Не вдаваясь далее в это, что может кратко указать на некоторые вовлеченные сложности, я могу упомянуть определенные случаи, в которых, кажется, существует реальное расхождение двух принципов. Есть случаи, в которых искушение можно справедливо считать уменьшающим вину, и в которых наказание, тем не менее, было сделано более суровым в результате. Уголовное право прошлого века, например, налагало наказание в виде смерти на лиц, которые крали определенные виды имущества, оставленные в специально открытых местах. Легкость взятия его очень возможно искушала бы к воровству людей, которые в другом месте были бы честными; и стремились компенсировать силу искушения более диким наказанием тех, кто поддавался ему. Или, опять же, существуют определенные проблемы аналогичного рода, связанные с политическими правонарушениями. Человек, который поднимает восстание по искренним политическим мотивам, обычно гораздо лучше морально, чем человек, который поднимает восстание ради, скажем, простого грабежа. Должен ли мотив быть допущен как смягчение правонарушения? Он должен, можно сказать, с моральной точки зрения; но, с точки зрения простого сдерживания, мы могли бы скорее считать, что патриотический бунтарь — более опасный человек из двух, и, следовательно, требует перспективы по крайней мере столь же тяжелого наказания, чтобы держать его в покое. Так, опять же, спрашивалось, следует ли признать оправданием для бунтовщика то, что он присоединился к насильственным действиям под угрозами со стороны буйной толпы. Это, конечно, оправдание с точки зрения моралиста; человек нападает на полицию только для того, чтобы спасти свой собственный дом от сожжения, а не из беспорядочного или недовольного духа. Но отвечают, со сдерживающей точки зрения, что, если такое оправдание будет допущено, вы перестаете угрожать в тот самый момент, когда угрозы наиболее требуются. Если закон не должен давить с одной стороны, все давление придет с другой, и каждый аргумент будет в пользу присоединения к стороне беспорядка. Следовательно, утверждается, мы должны соразмерять наказание не с правонарушением, а с искушением.
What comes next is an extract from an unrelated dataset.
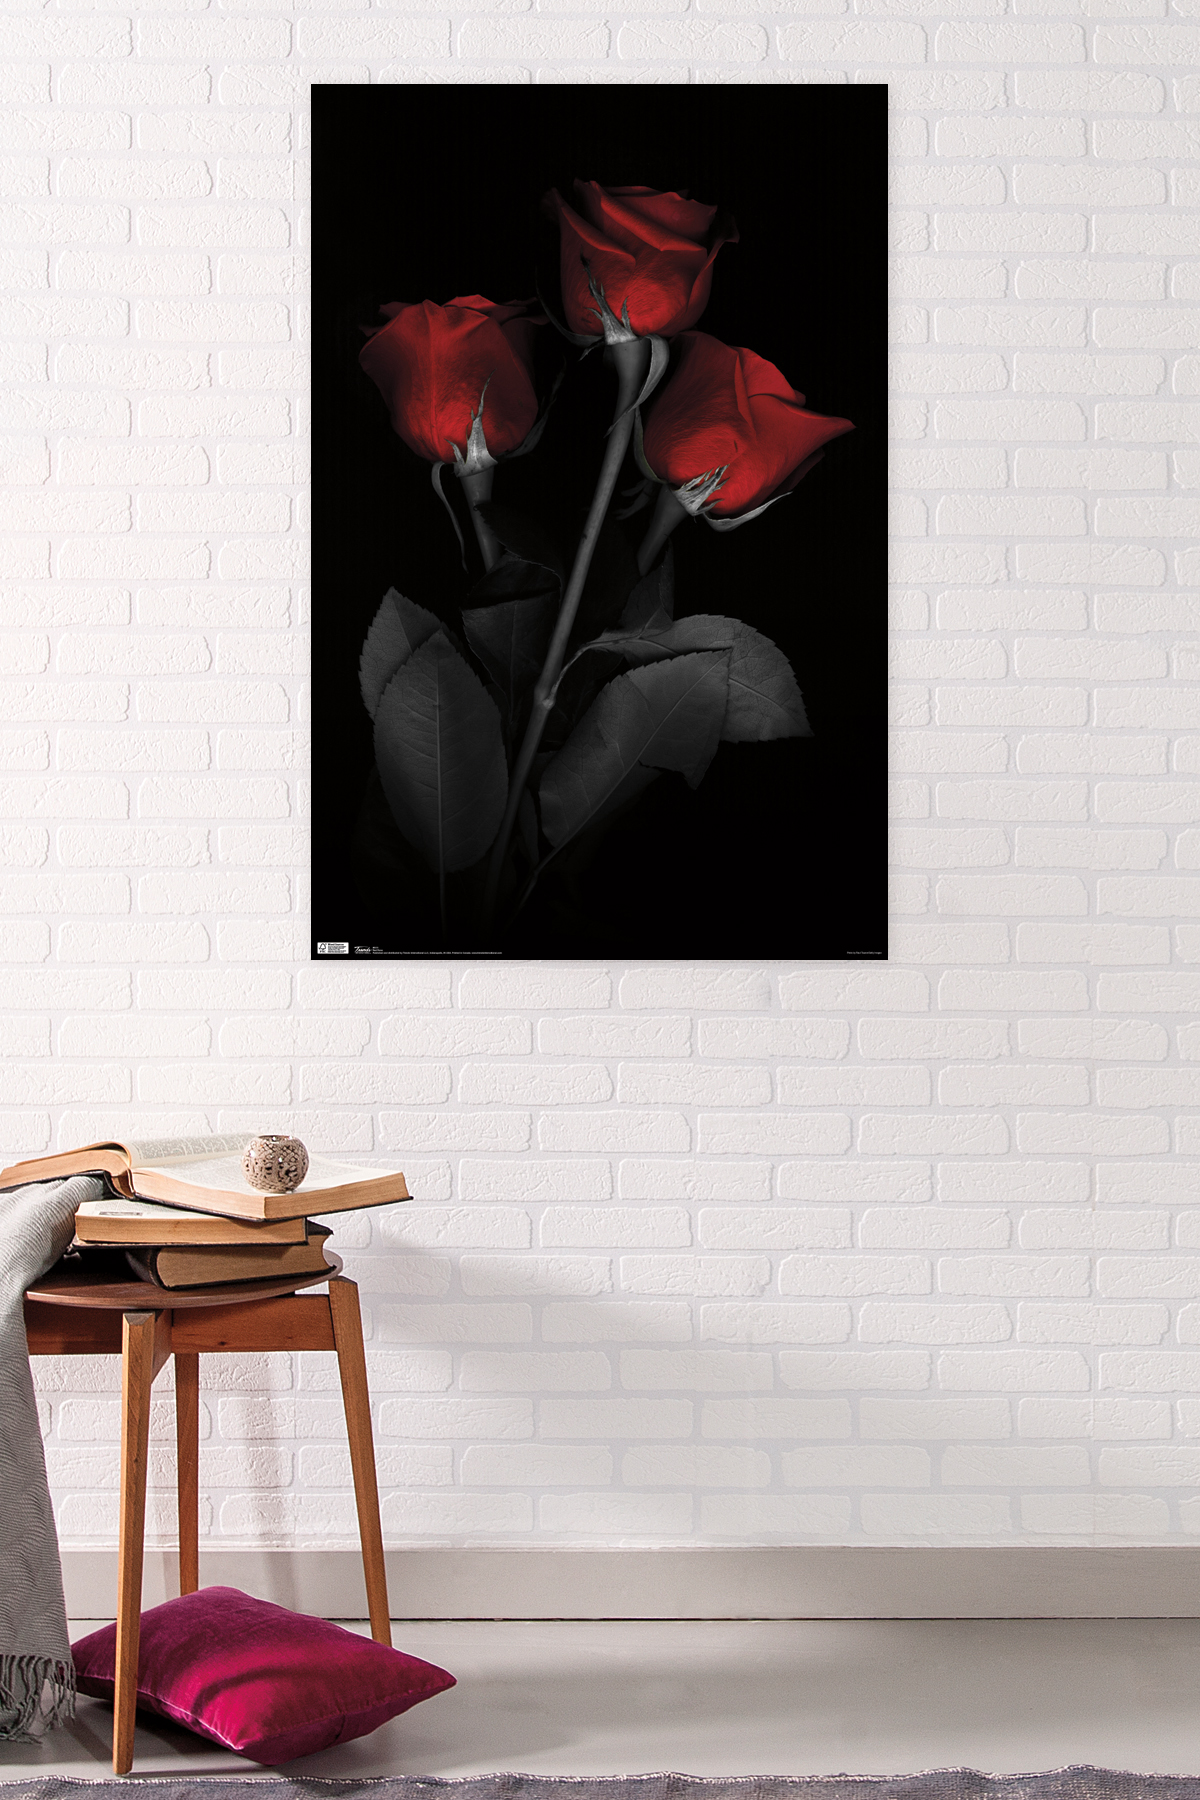 Red Rose Wall Poster, 22.375" x 34" - image 2 of 2

Теперь я могу сказать, очень кратко, что такое расхождение двух принципов кажется мне возможным; и, далее, что могут быть приведены случаи, в которых может быть необходимо сдерживать, во что бы то ни стало, даже пренебрегая моральными соображениями. Генерал, который защищает город, должен иногда сжигать дома невинных людей, не останавливаясь, чтобы подумать, могут ли они когда-либо быть компенсированы; и я думаю, что могут быть аналогичные случаи даже в отношении закона, где рассмотрение абсолютной необходимости подавления вредоносного поведения может перевесить нормальные моральные соображения. Но общий ответ, я думаю, другой и может помочь прояснить принцип. Закон, на который я ссылался, для защиты открытого имущества, очевидно, предполагает одно замечание. Истинным средством от зла было бы не увеличение наказания, а увеличение защиты. Вы должны были предоставить больше сторожей или запретить владельцам ставить искушение на пути своих соседей, а не пытаться заставить палача делать работу полицейского. Так наши предки ошибались, когда защищали свои поля не установкой заборов, а установкой капканов для увечья случайных нарушителей. В этом, как и в других случаях, ошибка заключается в путанице между сдерживающим влиянием наказания и превентивным влиянием защитных мер. Аргументы, сомнительные при использовании от имени наказания, рассматриваемого как сдерживающее, совершенно применимы к превентивным мерам. Очевидно правильно, что такие меры должны быть соразмерны искушению. Когда голодный человек крадет буханку, он не так плох, как человек, который крадет, когда он не голоден. Мы должны, следовательно, считать морально неправильным наказывать его столь же сурово. Но если мы думали, что он не должен иметь буханку, мы должны были бы принять более сильные меры предосторожности пропорционально вероятному искушению. Если, например, мы посылали припасы для облегчения голодающего района, было бы явно правильно послать с ними такую силу, которая могла бы предотвратить их присвоение сильнейшими или первыми пришедшими. Но, в то же время, мы также считали бы правильным спасти людей от искушения, обеспечив как можно больше против опасности голода. Так, опять же, было бы чудовищно наказывать бедного человека более сурово, чем герцога, за кражу часов; но, как вопрос благоразумия, я принял бы больше мер предосторожности, если бы обедал в бедном трактире, чем если бы я обедал в герцогском дворце.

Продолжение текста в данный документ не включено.